Fra Michele placed Ginevra’s head gently down upon the filthy pallet. He went to the bars, and was passed a lumpy pie, the burnt head of an eel poking through the crust, and a bottle of wine.
“I don’t think she can eat much.”
“Well, if I was you, I’d still open that pie immediately , best fresh, you know.”
“I don’t need a gravedigger telling me about pies,” he said, uncorking the wine with his teeth and taking a big swig.
“What I’m trying to say, dense sir, is there might be more than eels in this pie.”
“OH. Oh. I see. I see. I will eat it right away, then. Carefully.”
“Now you’ve got it. Enjoy. I’ll be back the day after next to collect the lady.”

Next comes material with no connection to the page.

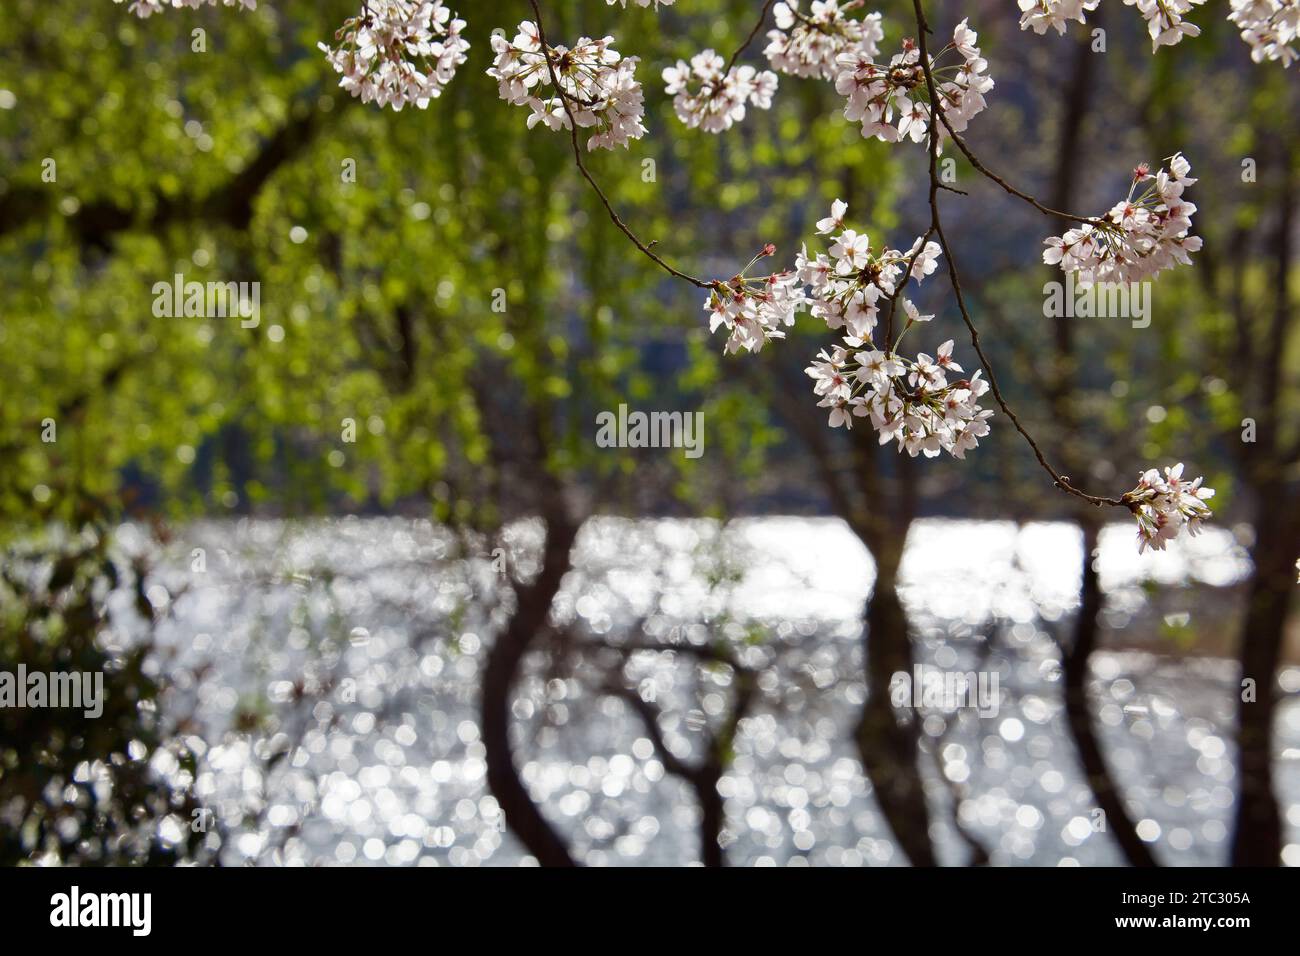 In the foreground, delicate small cherry blossoms hang from thin branches, while in the background, a serene landscape of lush green trees and blurred Stock Photo

The jailkeeper walked by on his rounds, and Becchino hurried away.
Fra Michele knelt back by Ginevra and inexpertly poured wine down her throat, which made her choke and sputter but raised her from her stupor a little bit. “Look!” he said, breaking the pie apart once the jailkeeper was out of earshot. “You have a message from a Signora Tornaparte—do you know her? She says that Giancarlo is with her.”
Ginevra smiled weakly at the news. It hurt too much to talk.
The inquisitor read the letter in hushed tones, one eye out for the jailer. It detailed how Piero was to spy on the bishop. Ginevra stirred at Piero’s name—he had not left her! He had been trying to find her! Fra Michele took a huge bite of the pie. He yelped in pain and spat out a mouthful of eel bits, a broken tooth, and two little green stones speckled in red. He held them out in wonder.
“What sort of eel part is this?”
Ginevra’s eyes opened: How could she have forgotten? It was a plain truth that fish dearly love to eat magic jewels. Lucia’s eels must have swallowed the bloodstones when the medicine jar exploded over their well! She forced herself up on the rough boards, took the stones from Fra Michele, and pressed them against her throat until the golden strings hummed and the air filled with vibrations. But her hands were too weak and she kept dropping them. Fra Michele put them back and held his own hands flat against hers, all the way through the spasms and twitching that followed. This way the bloodstones stayed in place until their magic forced the sickness out and she puked up a great black glob and fell asleep. He whispered into her unconscious ears that if this was not the magic of God, then nothing was, and swore he would do everything in his power to see that she was admitted to the Guild of Doctors, Apothecaries, and Grocers.